Static and dynamic perspectives can be served by different implementations — for example, a static ORD Provider for the baseline and application code for the system-instance endpoint — as long as both use the same ORD IDs for the same resources.

See Perspectives and Correct Use of Perspectives for the detailed semantics and aggregator fallback behavior. The next section shows one way to implement this in code.

Implementing Tenant-Aware ORD

The tenant-aware implementation has three essential parts:

1. Advertise a static baseline document and a tenant-aware document in the ORD configuration.
2. Resolve the requested tenant in the system-instance endpoint.
3. Generate a complete tenant-specific ORD document and tenant-specific resource definitions from the baseline plus tenant state.

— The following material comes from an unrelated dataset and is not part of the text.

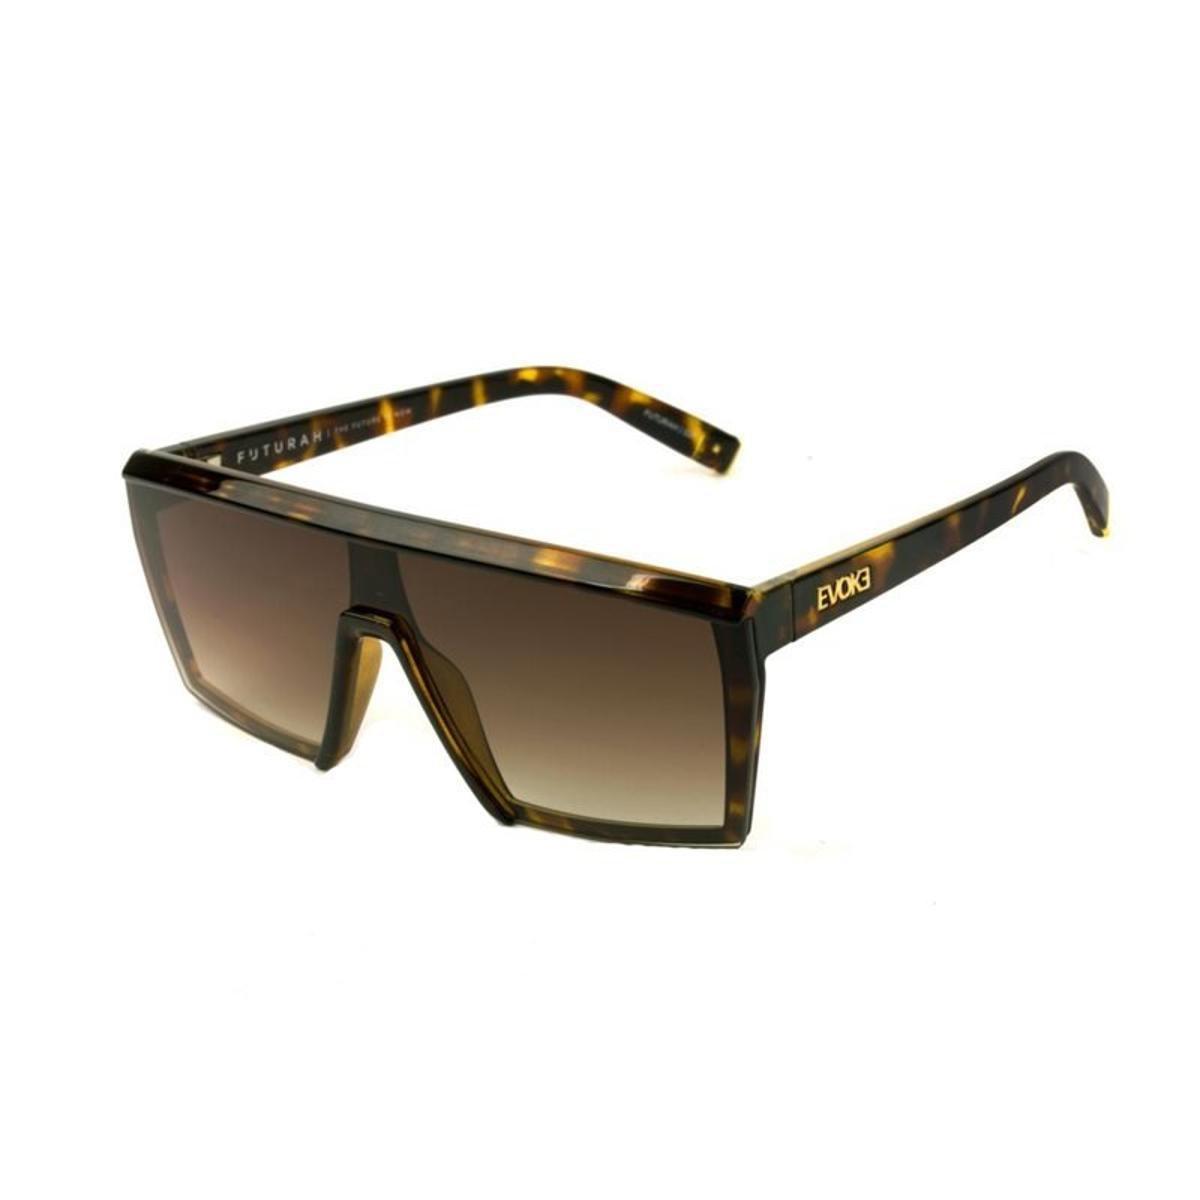 658139c02 Óculos de Sol Evoke Futurah G21 Turtle Shine Feminino - Marrom   Netshoes
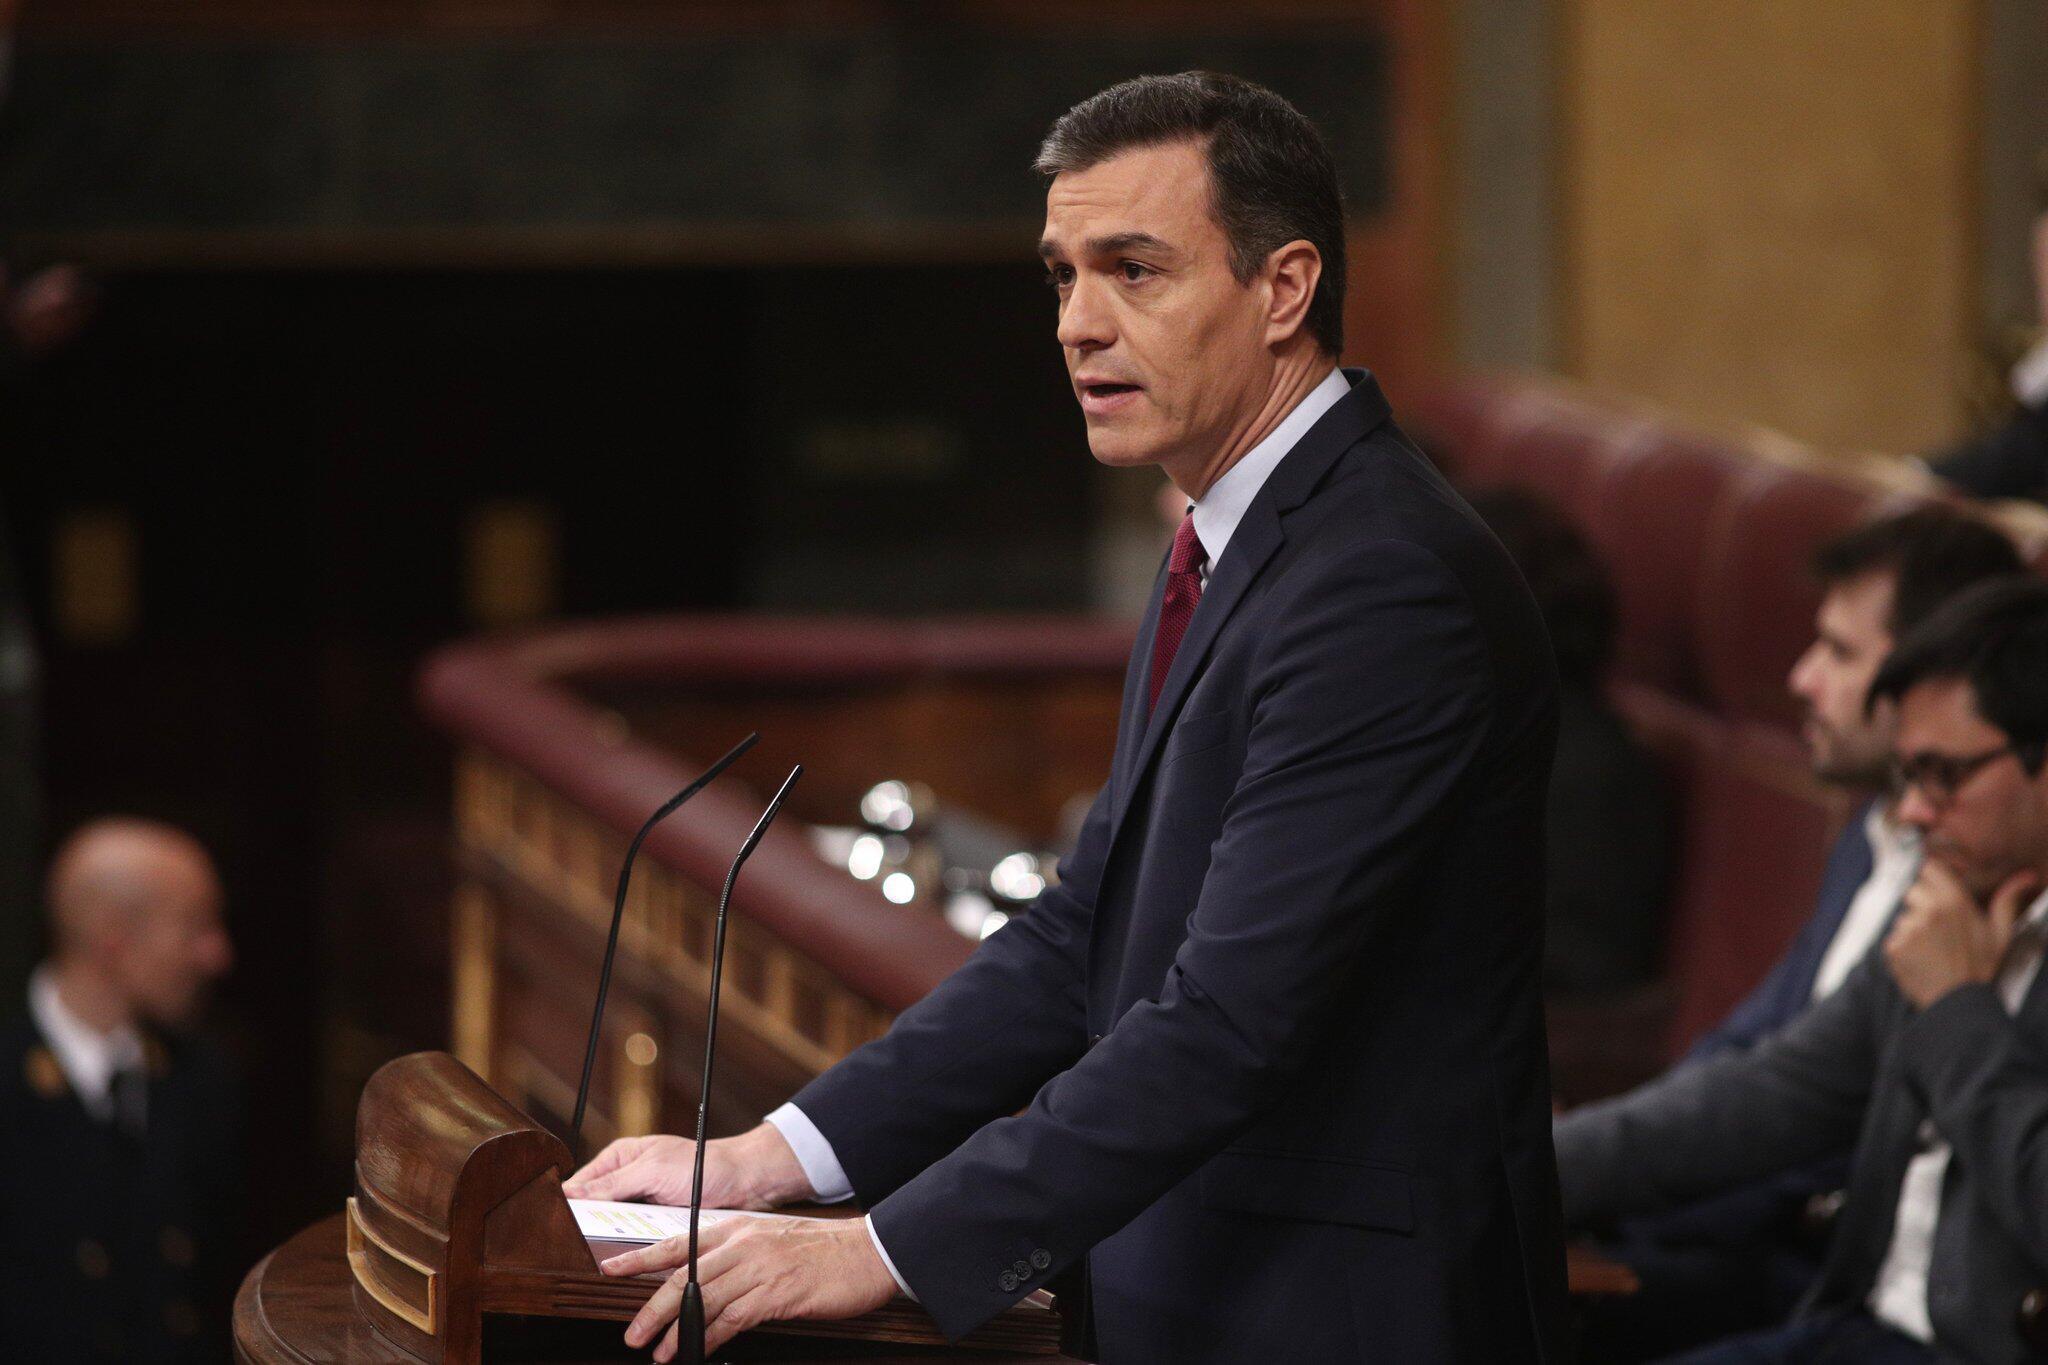 Pedro Sánchez ist neuer spanischer Regierungschef

The following snippets are simplified from the ORD Reference Application.

Advertise both perspectives

The .well-known response tells the aggregator that static metadata can be fetched once, while dynamic metadata must be fetched per tenant. The dynamic endpoint uses the basic-auth access strategy, which also defines the optional tenant headers used below.

const ordConfiguration = {
  openResourceDiscoveryV1: {
    documents: [
      {
        // Static baseline metadata: can be crawled once per system version.
        url: "/open-resource-discovery/v1/documents/system-version",
        perspective: "system-version",
        accessStrategies: [{ type: "open" }],
      },
      {
        // Runtime metadata: must be requested for a concrete tenant/system instance.
        url: "/open-resource-discovery/v1/documents/system-instance",
        perspective: "system-instance",
        accessStrategies: [{ type: "basic-auth" }],
      },
    ],
  },
};

Resolve the tenant in the endpoint

The endpoint should prefer Global-Tenant-Id, because this is the tenant identity known by the aggregator. The provider maps it to its own local tenant ID before generating metadata.

const globalToLocalTenantId = {
  "c6c80b52-ecc1-47f8-9303-0d55fb67fd41": "T1",
  "b82b0c76-f0ff-4262-b2b7-3a0d40197837": "T2",
};

fastify.get("/.well-known/open-resource-discovery", () => {
  // Discovery starts here: the aggregator learns which ORD documents exist.
  return ordConfiguration;
});

fastify.get("/open-resource-discovery/v1/documents/system-version", () => {
  // Static perspective: no tenant context is needed.
  return staticOrdDocument;
});

fastify.get("/open-resource-discovery/v1/documents/system-instance", {
  // In a real implementation, this route is protected according to the
  // basic-auth access strategy advertised in the ORD configuration.
  preHandler: [basicAuth],
}, (request) => {
  // Dynamic perspective: tenant context is required before metadata is generated.
  const localTenantId = resolveLocalTenantId(request.headers);
  return getOrdDocumentForTenant(localTenantId);
});

function resolveLocalTenantId(headers) {
  const localTenantId =
    headers["local-tenant-id"] ??
    globalToLocalTenantId[headers["global-tenant-id"]];

  if (localTenantId) {
    return localTenantId;
  }
  throw new Error("Missing Global-Tenant-Id or Local-Tenant-Id header.");
}

Project the static baseline into a tenant document

The static document is the baseline for the tenant-aware view. The tenant projection then applies tenant configuration, entitlements, extensions, or tenant-specific model data. The system-instance response must still be a complete document for the tenant, not a delta.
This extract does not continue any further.